Kolchinsky, in his book “The Great American Drug Deal,” advocates for contractual genericization as one way to provide balance to pharmaceutical markets that are too often dominated by companies with incentives to primarily protect aging franchises. Many of these aging franchises should have gone generic years ago. Too many drugs, because of patenting games or other perverse incentives that involve middlemen, command sky-high prices that can’t be justified. All of these shenanigans end up wasting money, harming patients and discouraging entrepreneurs.

This publication believes in standing up for the proverbial little guy. Policymakers, health economists, and industry leaders should take action to rein in the excesses of the big guys, without forgetting that little guy (or gal) with a startup dream. That person should have an incentive, and a chance. That person shouldn’t become collateral damage.

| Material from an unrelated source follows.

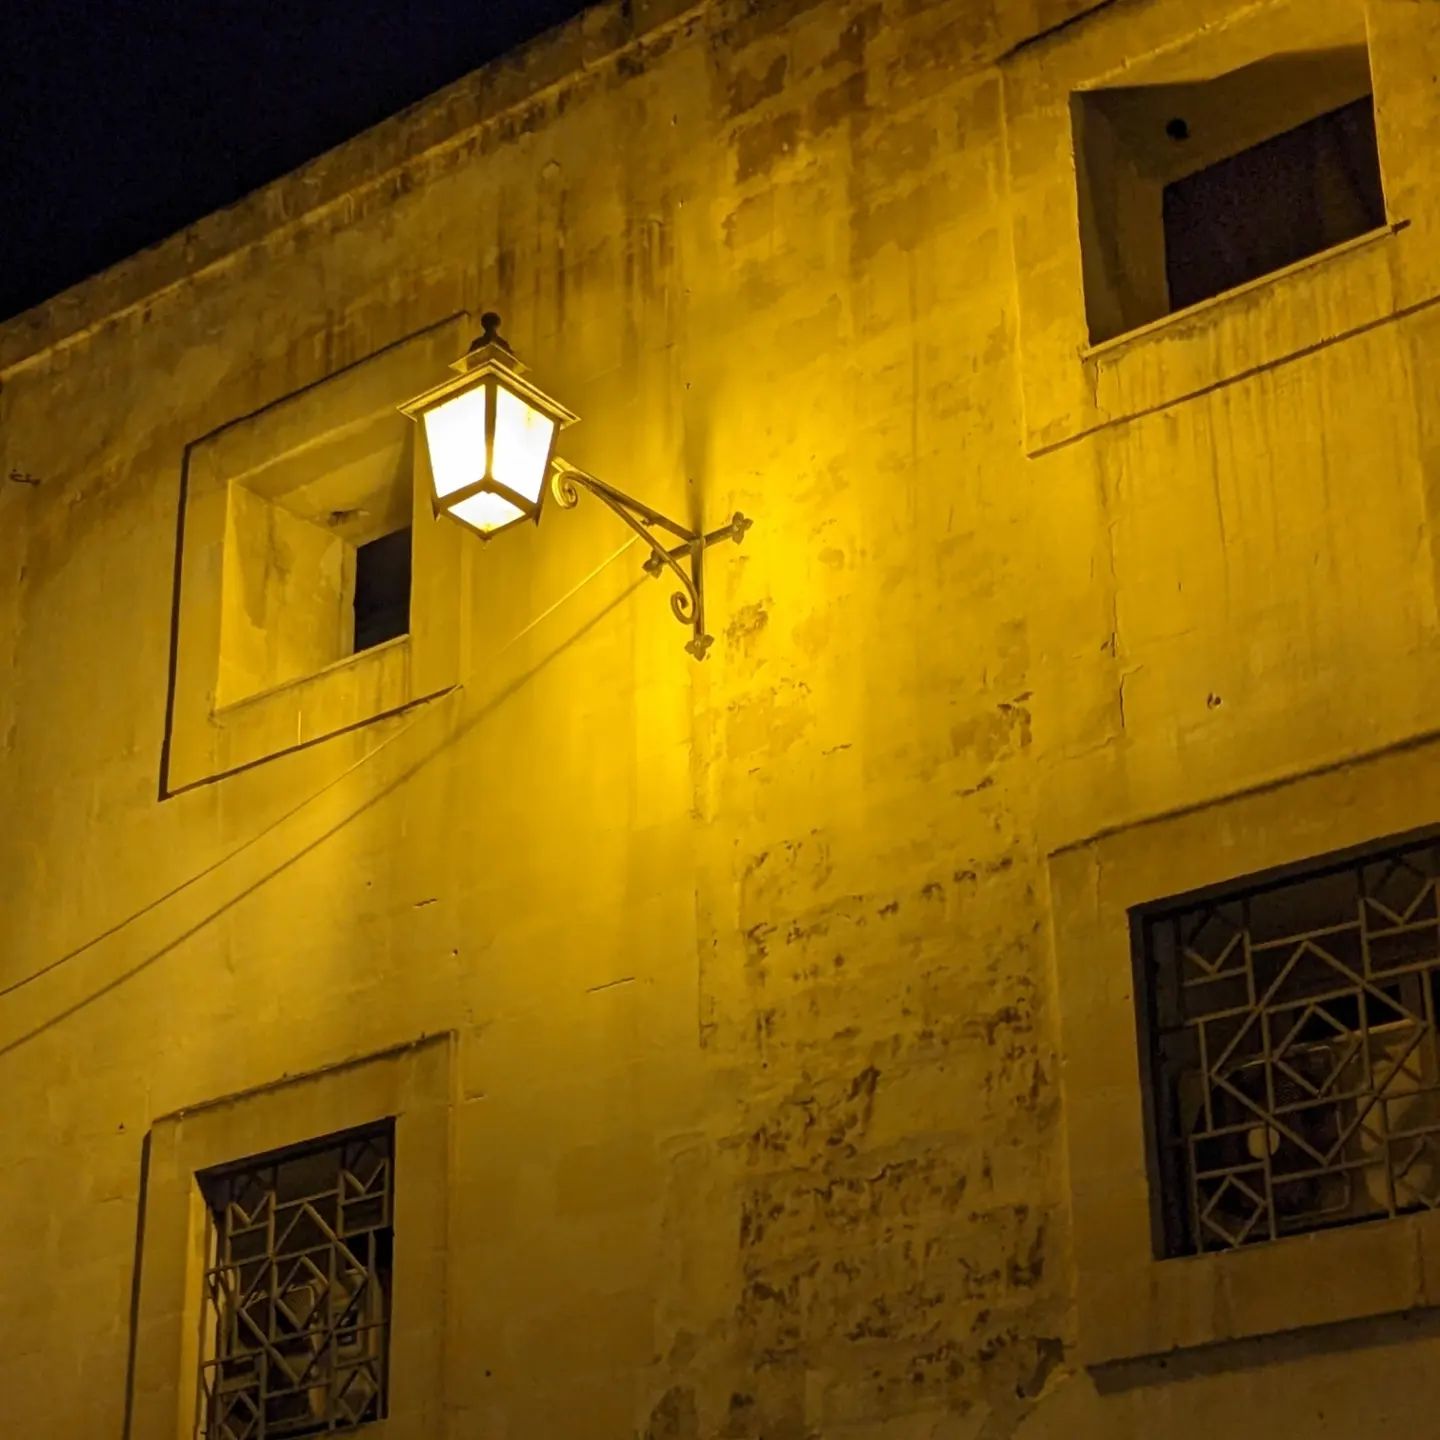 Malta bei Nacht. #Malta #Valletta #Reisen #Travel #Unterwegs #Nacht

If we want to create an environment where scientific entrepreneurs can flourish, we can do it. With scalpels, not sledgehammers.


Damaged Public Trust

If you missed Tuesday’s Frontpoints, it predicted this week’s AstraZeneca vaccine debacle. The NIH statement of Mar. 23 pointed out the company’s press release claiming 79 percent efficacy was based on outdated data. The NYT and Washington Post got ahold of a seething letter from the Data Safety Monitoring Board. AZ tried to do some damage control in a revised press release on Mar. 25, which dragged efficacy down to 76 percent. Given the company’s recent pattern of bad behavior and incompetence, I plan to read every line of the FDA briefing documents, and listen to every minute of the FDA advisory committee hearing for this vaccine candidate.

This is a test. Regulators, doing their jobs, will go over everything with a fine-toothed comb and review the application with full transparency. Then we can make informed decisions.

A lot of leeway has been granted to companies in this emergency, born from necessity and a generous spirit of “we’re all in this together.” Some standards about not doing science by press release, and not accepting company statements at face value, have gone out the window in the name of expediency. We put a lot of trust in companies and they have mostly delivered the past year.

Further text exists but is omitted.